Most of it predates 2020. 930 of the 1,002 active designations (92.8%) carry a listing date before 1 January 2020, and 459 (45.8%) predate 2010. The median active designation is about 16 years old. Only 72 designations (7.2%) were added in the 2020s.
Did the UN sanctions list surge after Russia invaded Ukraine, like the US and EU lists?
No. Only 46 UN designations (4.6%) carry a listing date on or after 1 January 2022. The UN Security Council has no Russia/Ukraine sanctions regime — such measures are vetoed at the Council — so the surge that put the majority of the OFAC and EU lists into the post-2022 window (58.5%, per the sibling Sanctions Universe study) has no parallel on the UN list.
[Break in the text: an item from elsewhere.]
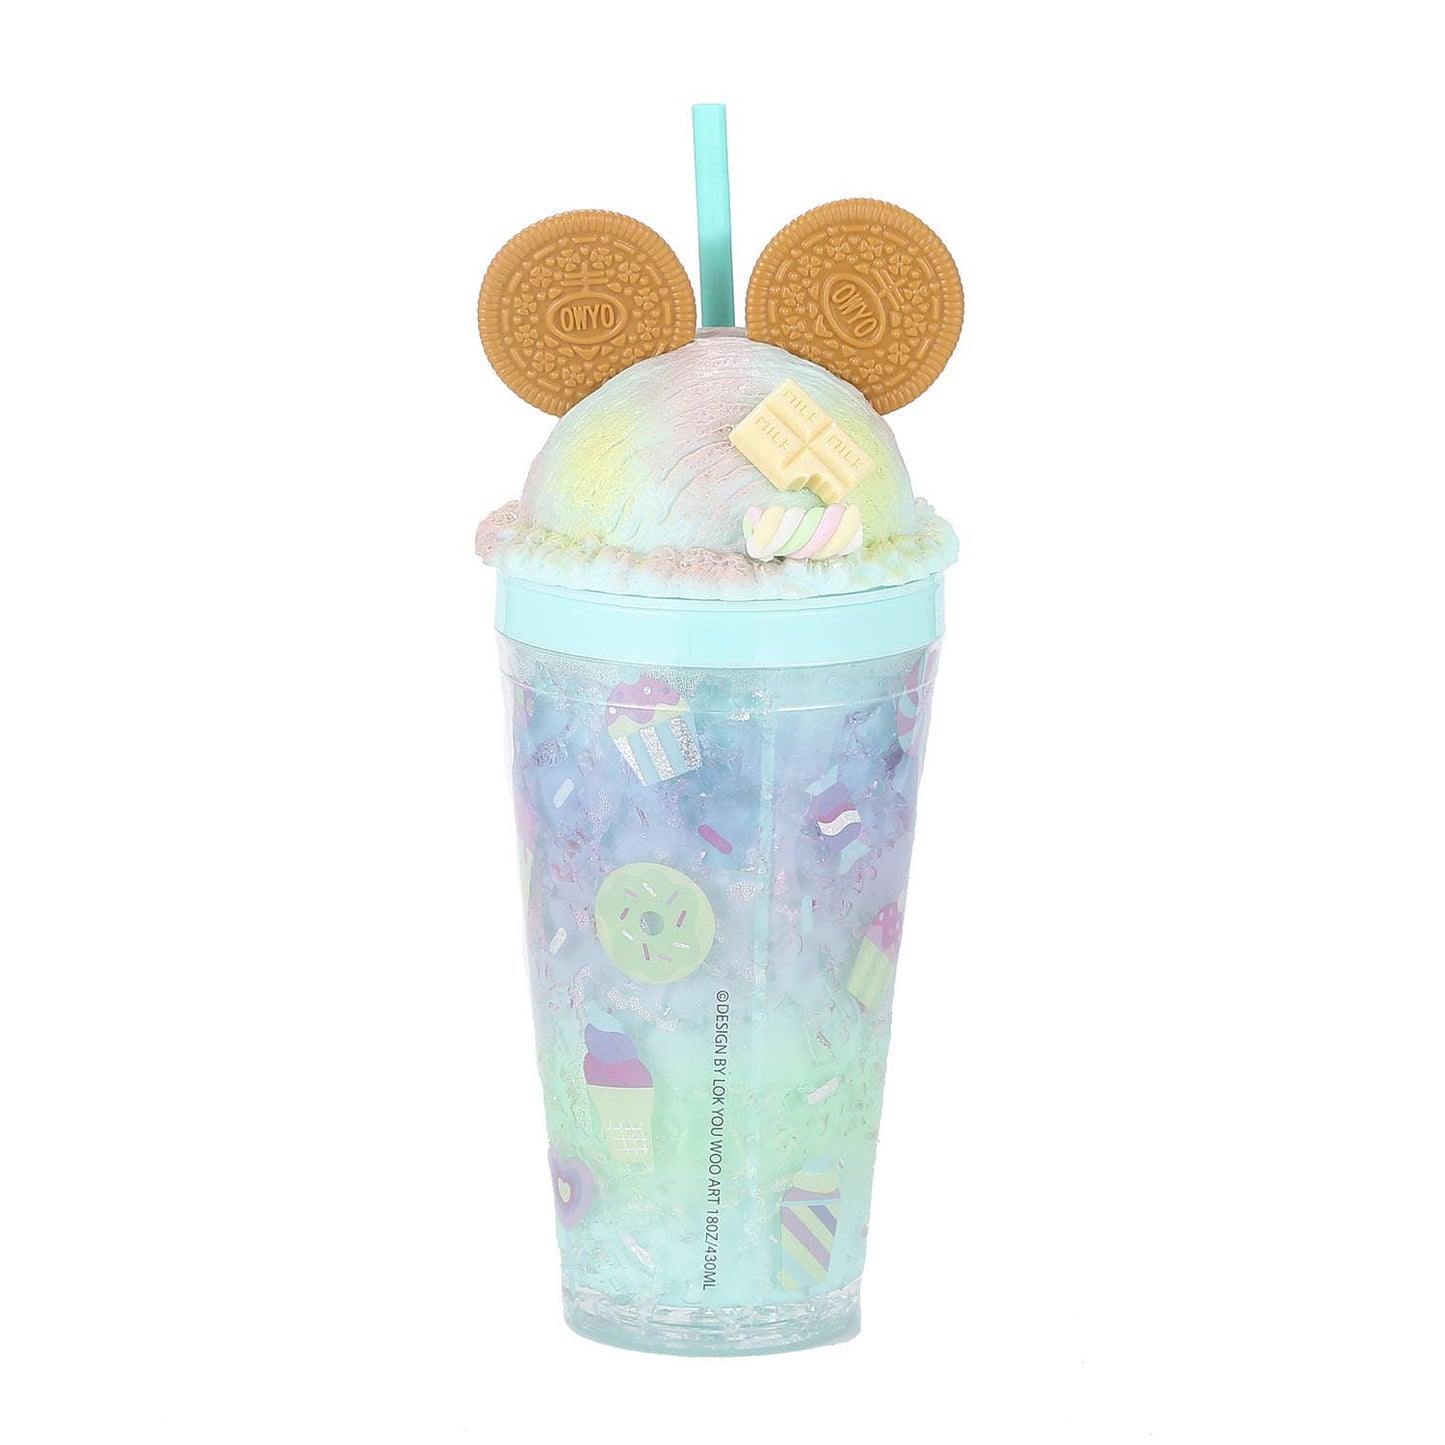 Cookie Mouse Ear Sweets Rainbow Tumbler - 16 Oz
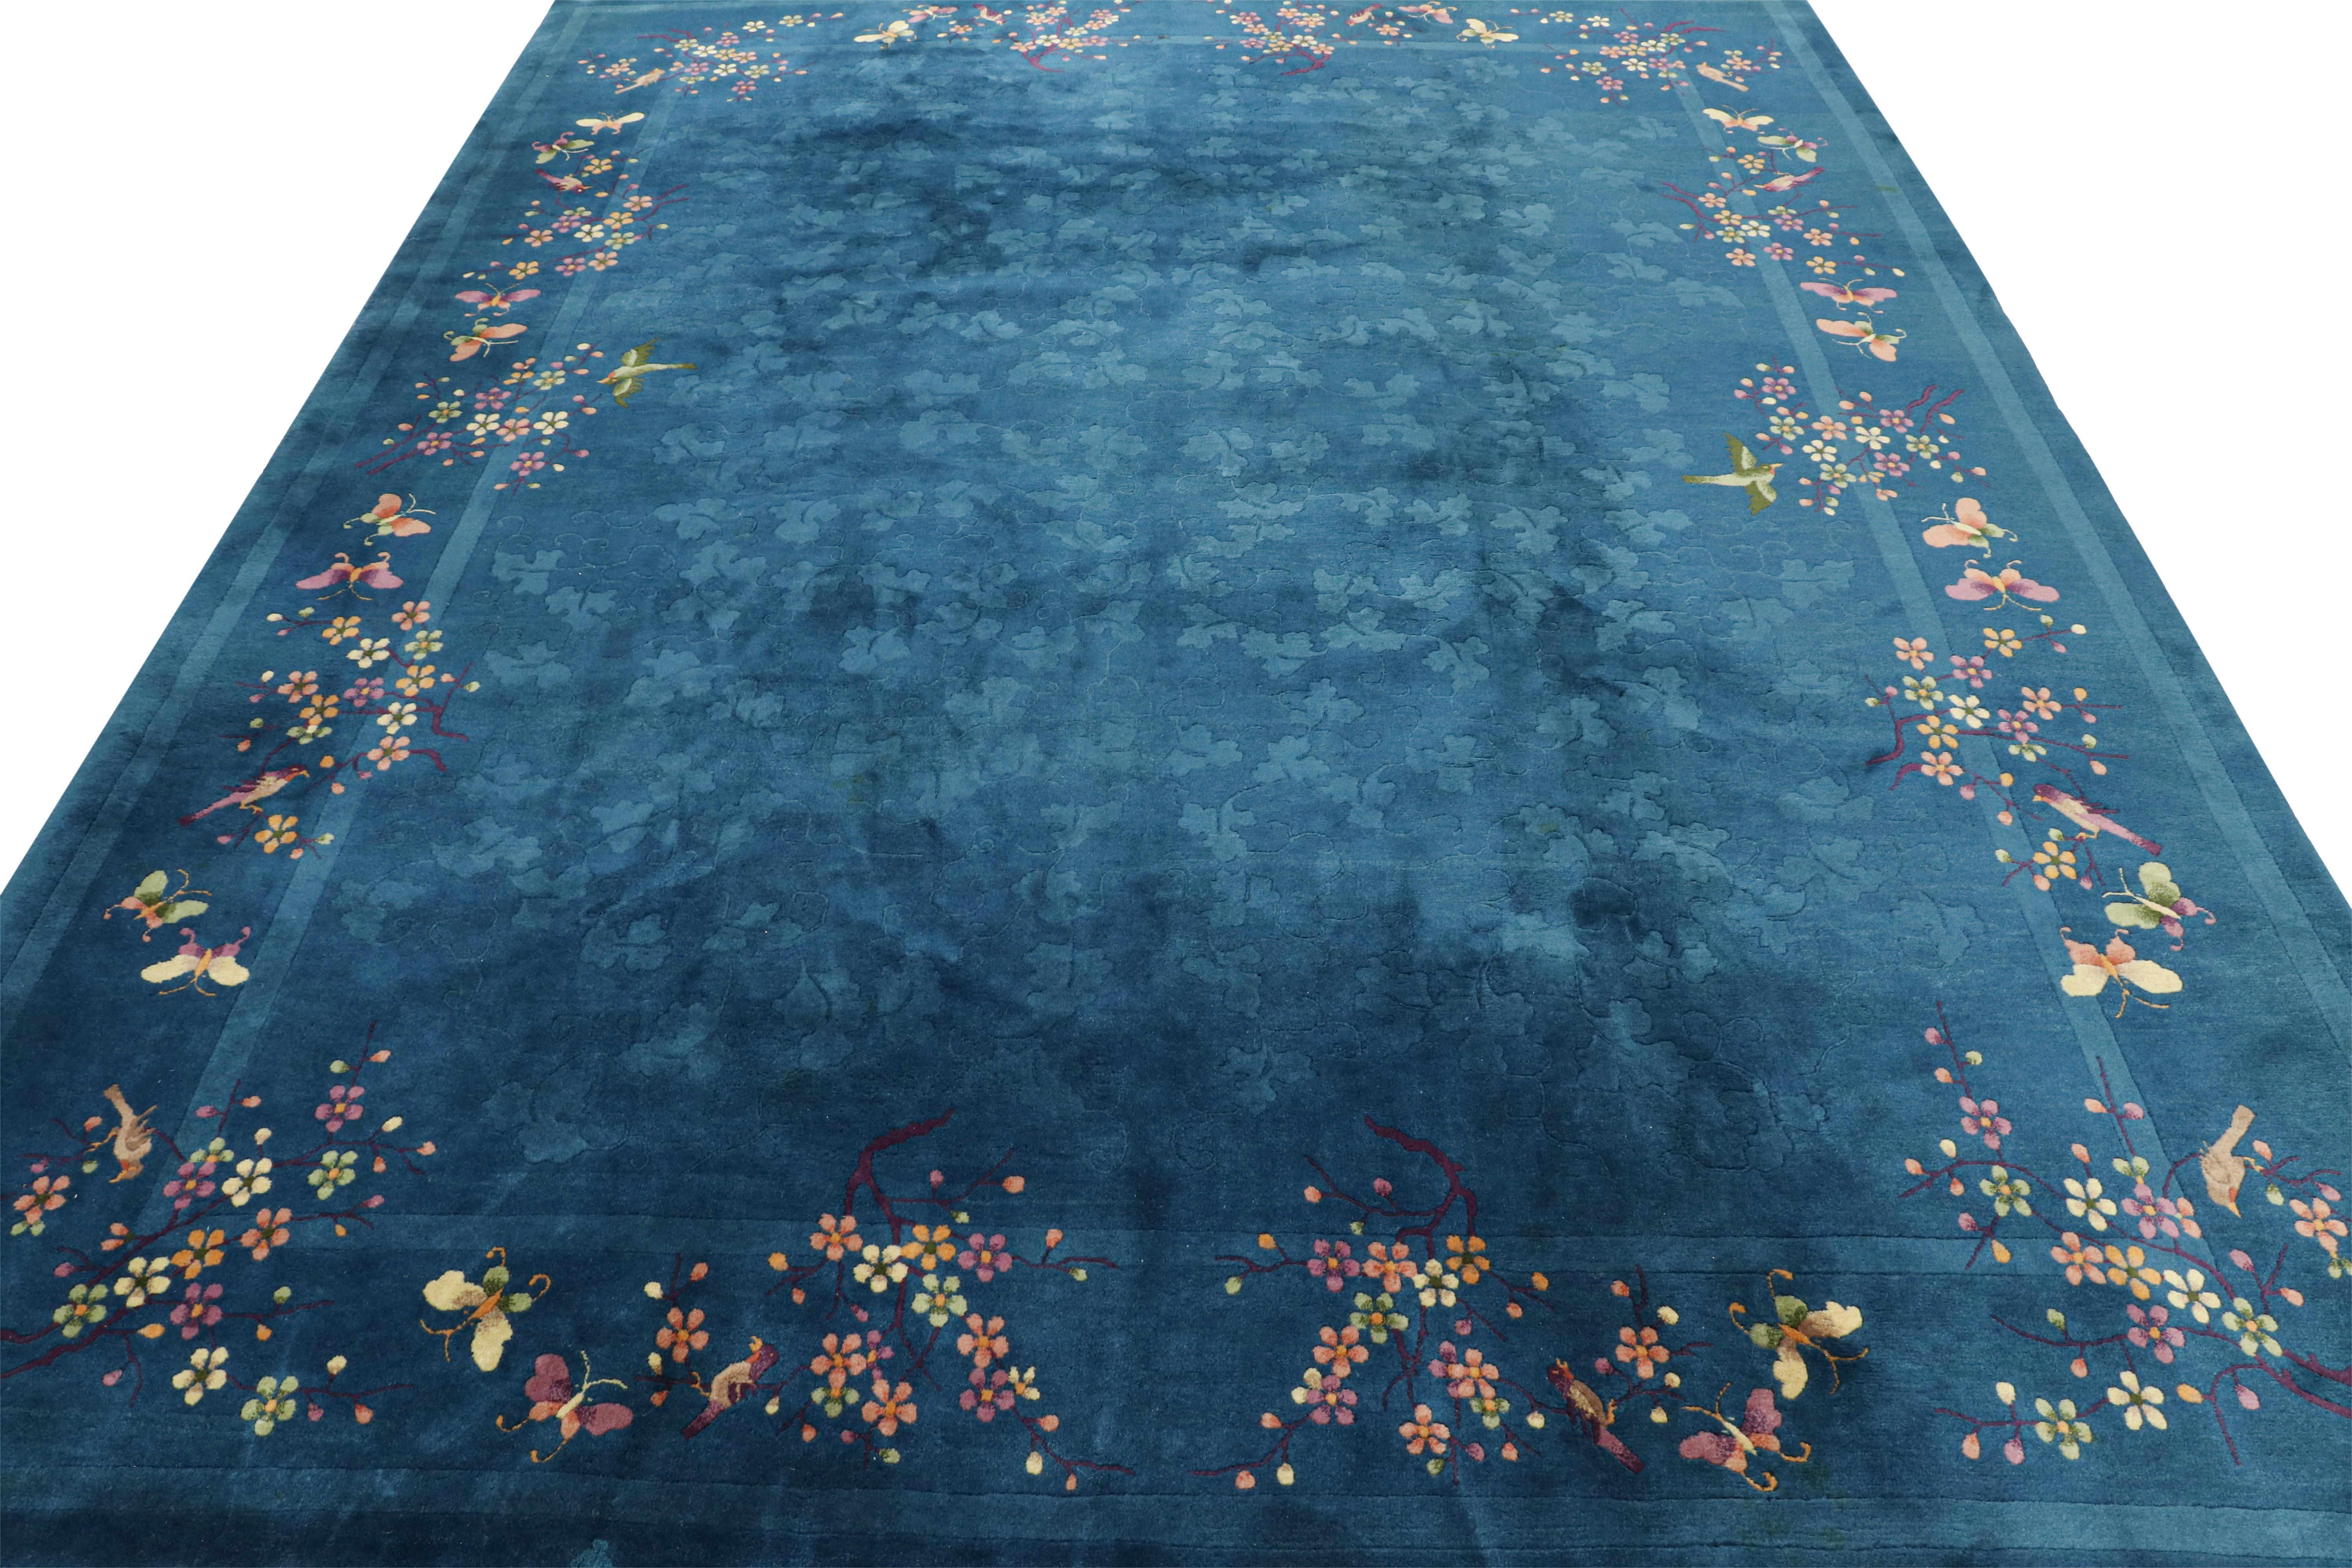 Antique Chinese Art Deco Rug in Blue with Floral Patterns, from Rug & Kilim In Good Condition For Sale In Long Island City, NY

The UN list is dominated instead by counter-terror and non-proliferation committees.
Which UN sanctions committee has the most designations?
The Al-Qaida / ISIL (Da'esh) committee is the largest at 336 designations (33.5% of the list), ahead of DPRK (155) and the Taliban (140). The four largest committees — Al-Qaida / ISIL, DPRK, Taliban, Iran — together hold 75% of the list. Several committees are effectively dormant: 6 of 14 have added no designation since before 2019, including Iraq (last addition 2006-05-12).
Does this study identify any sanctioned person or entity?
No. Every figure is an aggregate count — by party type, sanctions committee, designation year, and alias coverage. No sanctioned individual or entity is named anywhere on this page or in its downloads. To check whether a specific party is currently designated, search the official UN Consolidated List linked below; a designation status changes over time, so always confirm at the source.
How can I reproduce these numbers?
Every figure is re-derivable in Postgres from the published SQL (linked on this page) against public.un_sanctions_listings, filtered to its current bitemporal slice (valid_to IS NULL). The SQL is plain GROUP BY aggregation with expected-result comments that match the committed JSON snapshot exactly. The source snapshot is content-hashed and witness co-signed, and can be re-checked against its signed attestation.